Just got d game.also got fifa 07. the amateur mode is really easy this year.
nothing too impressive in cricket 07. the developers made a real mess of names of at least 10 teams in the game.batting's really easy but still got to figure out the bug in bowling(what i mean is every year there is a certain way of getting the batsman out).
they got a movie theatre out now in which u got to unlock vidz.


----------



## danantha (Jan 12, 2007)

I have bought the game and also downloaded the srilankan face pack in planetcricket.net. But I dont know how to get that to work with Cricket 07. Please some one help. Also I want to know whether any tutsi patch avilable for cric 07.

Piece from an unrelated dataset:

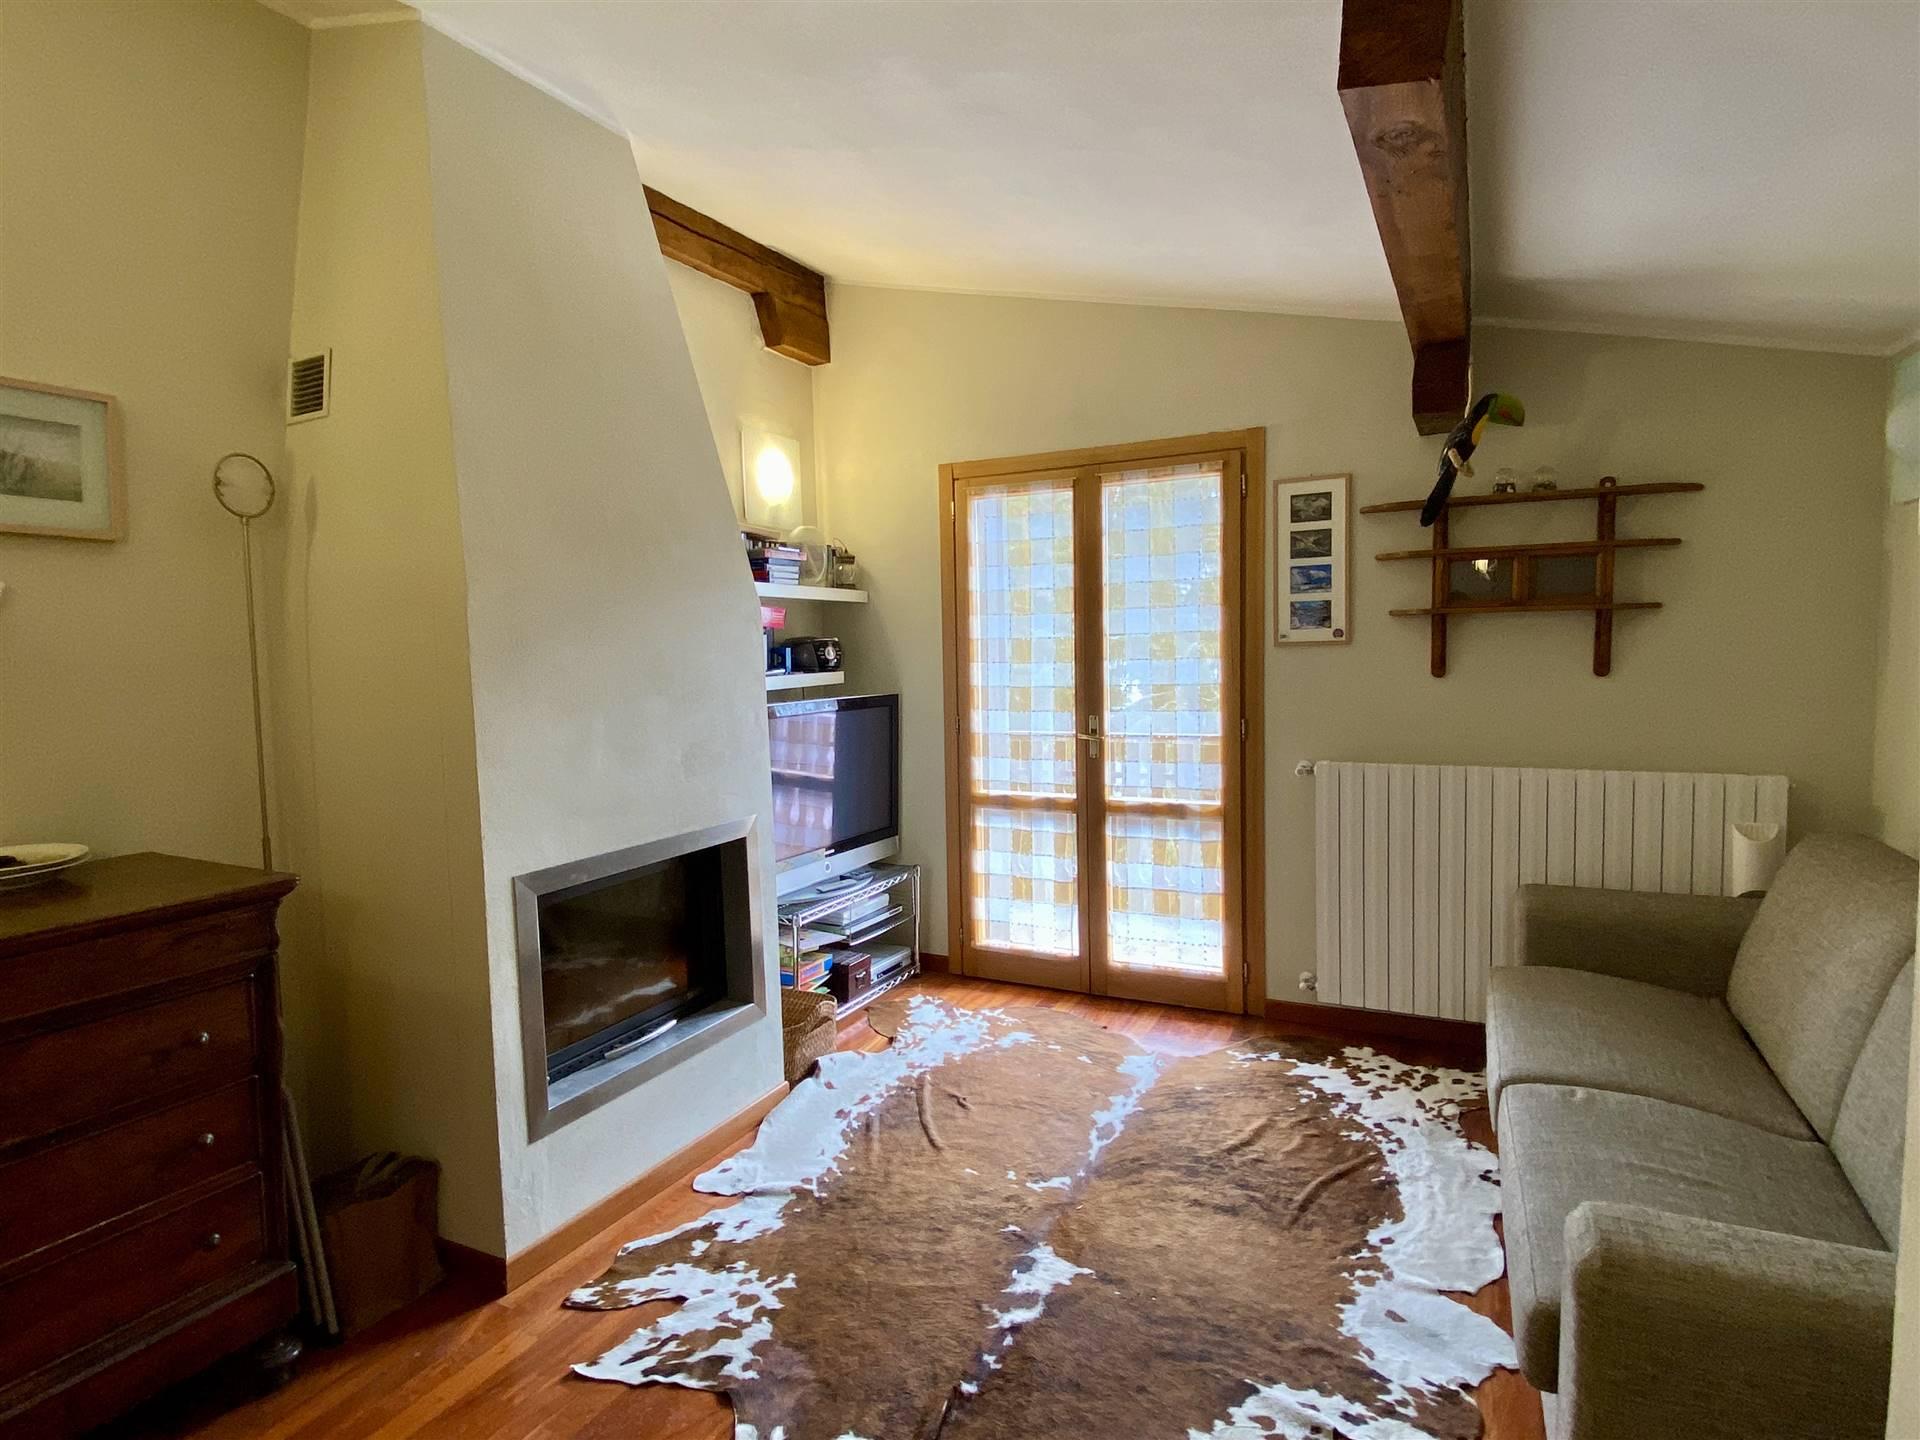 Appartamento in vendita a Foppolo, 3 locali, prezzo € 63.000 | PortaleAgenzieImmobiliari.it

Regarding the game, the game play is fine. The errors have been corrected and this game is more enjoyable than crick05. However I will wait for mar 07.
__________
The Ashes mode is interesting and more fun.


----------



## meenuti (Mar 1, 2007)

Whats the price?


----------



## Arsenal_Gunners (Mar 1, 2007)

Looks like you have got "all in one" dvdFuk cricketand play Fifa 07 at Pro and above in manager mode..


----------



## 47shailesh (Mar 1, 2007)

i can't belive peoples play cricket as games..

Dude it's so lazy to play... so slow events..


----------



## thunderbird.117 (Mar 1, 2007)

47shailesh said:
			
		

> i can't belive peoples play cricket as games..
> 
> Dude it's so lazy to play... so slow events..



Well i used to play cricket in college. They used to called me "Jonty Rhodes". . Then later i stopped playing cricket in real time, Started to play virtual cricket. I stopped playing and it became so boring. Now i hardly play any sports games except for racing. I race because i do not know how to ride car or bikes . 

So 47shailesh. If people want to play computer game. Do not stop them. Let them play.


----------



## Arsenal_Gunners (Mar 1, 2007)

Actual cricket is much more interesting than EAcricket series


----------



## 47shailesh (Mar 1, 2007)

Ya that's me saying that.. yaar khelana hai to medan mai khelo..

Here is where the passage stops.